As per the current state of cybersecurity, the focus on deepfakes and large language model (LLM)-powered phishing may be diverting attention from more significant risks related to generative artificial intelligence (GenAI). The concerns around GenAI are less about potential threats from the technology and more about the threats to GenAI from attackers who exploit design weaknesses and flaws in these systems.
Prompt injection, a method used to input text prompts into LLM systems to trigger unintended or unauthorized actions, is identified as a critical adversarial AI threat vector. Venture capital firm SignalFire has identified prompt injection as the number one concern that needs to be addressed urgently in the security marketplace.

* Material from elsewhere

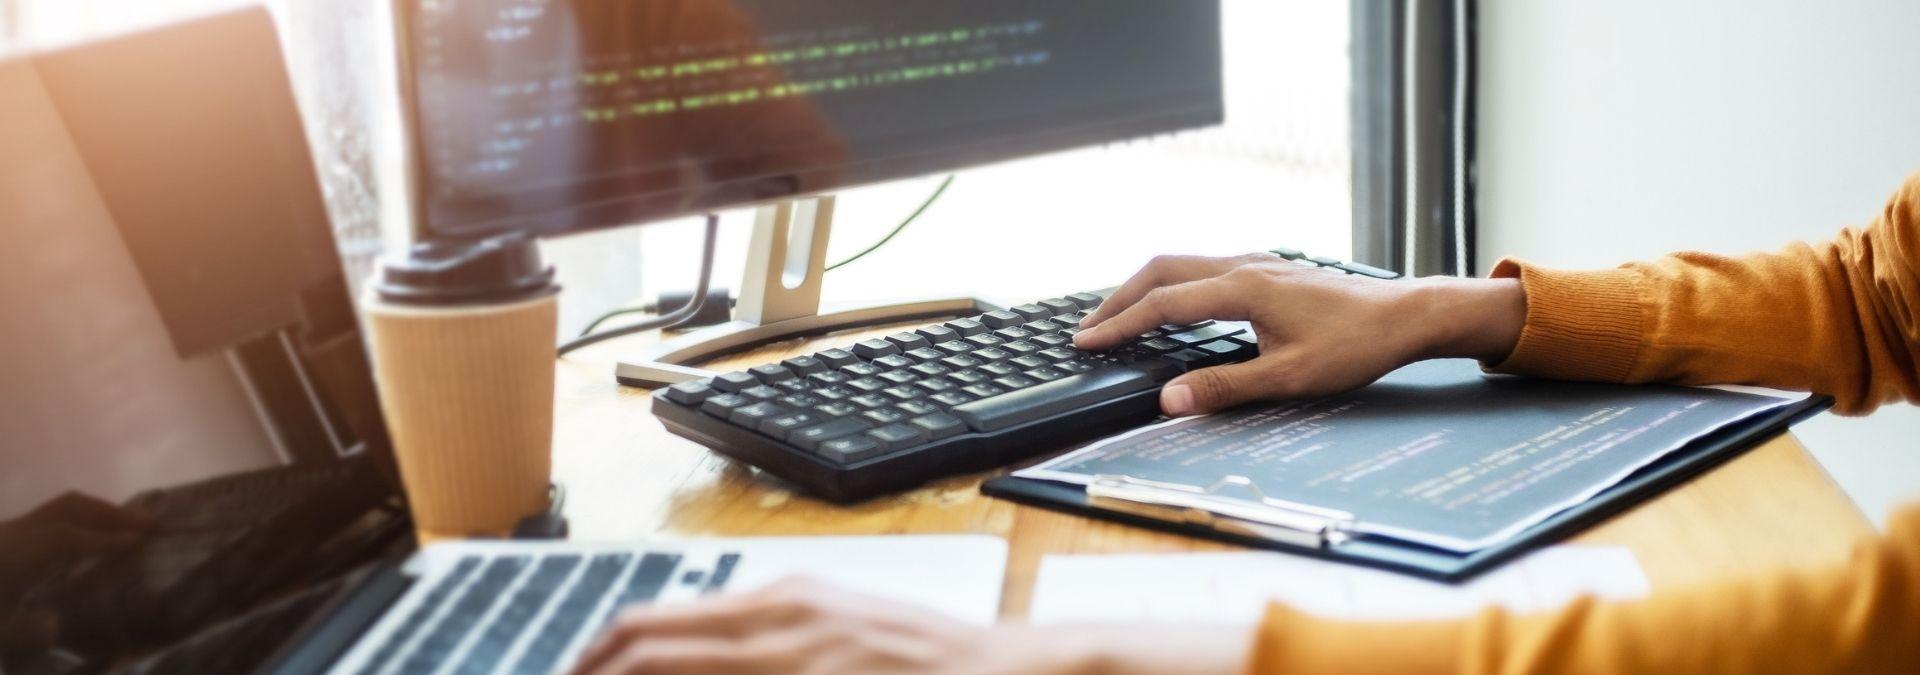 IT-Web & Software Developer

Prompt injection is a malicious variation of prompt engineering, where text inputs are crafted to optimize the output of a GenAI system. However, in the case of prompt injection, the intended output usually involves the extraction of sensitive information or triggering undesirable actions. Attackers often persistently prompt the system with follow-up inputs until they can manipulate the LLM to fulfill their objectives, a tactic referred to as social engineering the AI machine.
A comprehensive guide on adversarial AI attacks published by the National Institute of Standards and Technology (NIST) highlighted prompt injection as a major threat, encompassing direct and indirect prompt injection attacks. These attacks can inject malicious input directly into the LLM system’s prompt or manipulate information sources used by the LLM to influence its output.

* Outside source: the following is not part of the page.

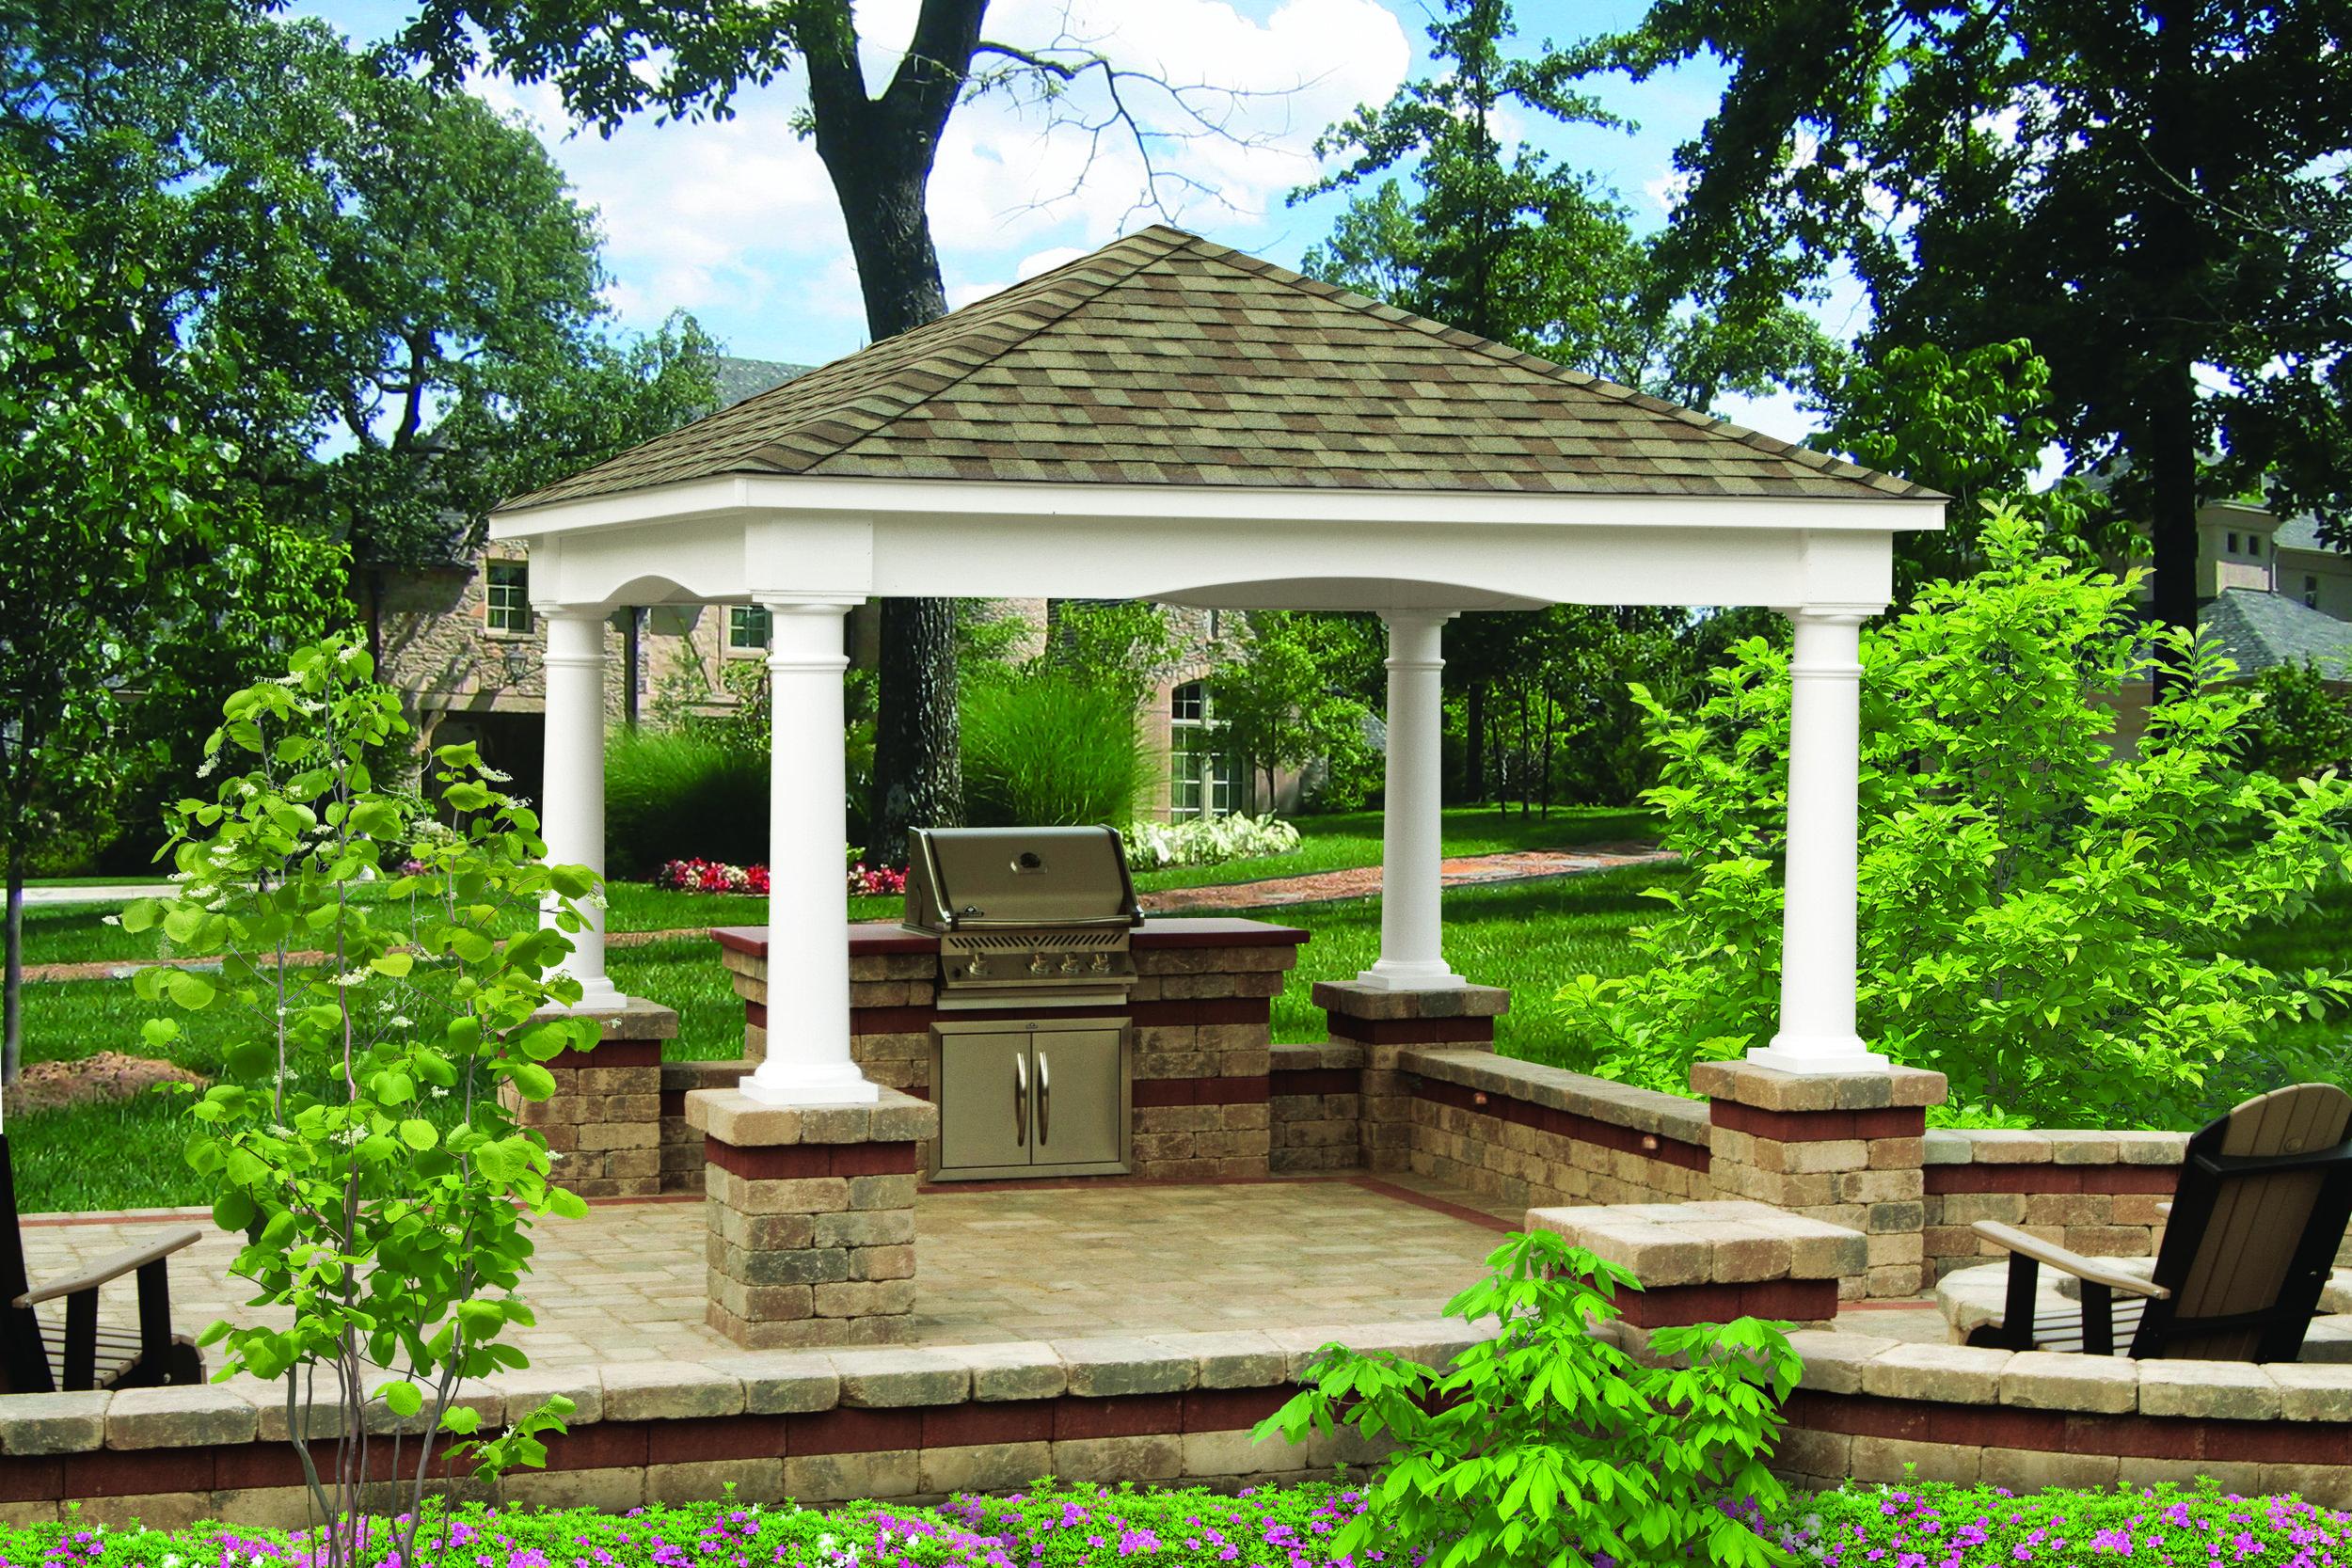 12x12 Victoria Pavilion Regular Roof.jpg

Moreover, attackers can exploit multimodal GenAI systems that can be prompted by images, extending the scope of prompt injection attacks. This creates challenges in distinguishing between legitimate instructions and user-injected prompts, which can even be in the form of images.
The potential attack vectors using prompt injection are diverse and evolving. Attackers can exploit prompt injection to extract information about how the LLM was trained, override controls preventing the display of inappropriate content, or exfiltrate data from the system or connected sources. This vulnerability in LLMs poses a significant risk to data privacy, potentially exposing sensitive information learned by the system.
Prompt injection attacks can not only compromise sensitive data but also function as a gateway for attackers to manipulate AI systems, triggering undesirable actions embedded in critical systems or processes that use LLMs. As these attacks can essentially unlock a backdoor into the AI’s functionality, the severity of prompt injection danger becomes apparent.
To combat prompt injection, cybersecurity teams need to address the inherent susceptibility of LLMs to input manipulation, which makes it difficult to differentiate between legitimate and malicious prompts. Early attempts in filtering input and setting guardrails on LLMs’ output are in progress. However, these approaches are still in their infancy and susceptible to manipulation, posing a significant challenge to find a foolproof solution to prompt injection attacks.
As the cybersecurity landscape continues to evolve, it is crucial for defenders to address the prompt injection threat promptly and innovate to develop robust solutions. The urgent need to mitigate prompt injection attacks highlights the importance of proactive measures to safeguard LLMs against adversarial AI threats. As the scale of the threat becomes more apparent, the cybersecurity community must work swiftly to stay ahead of attackers leveraging prompt injection.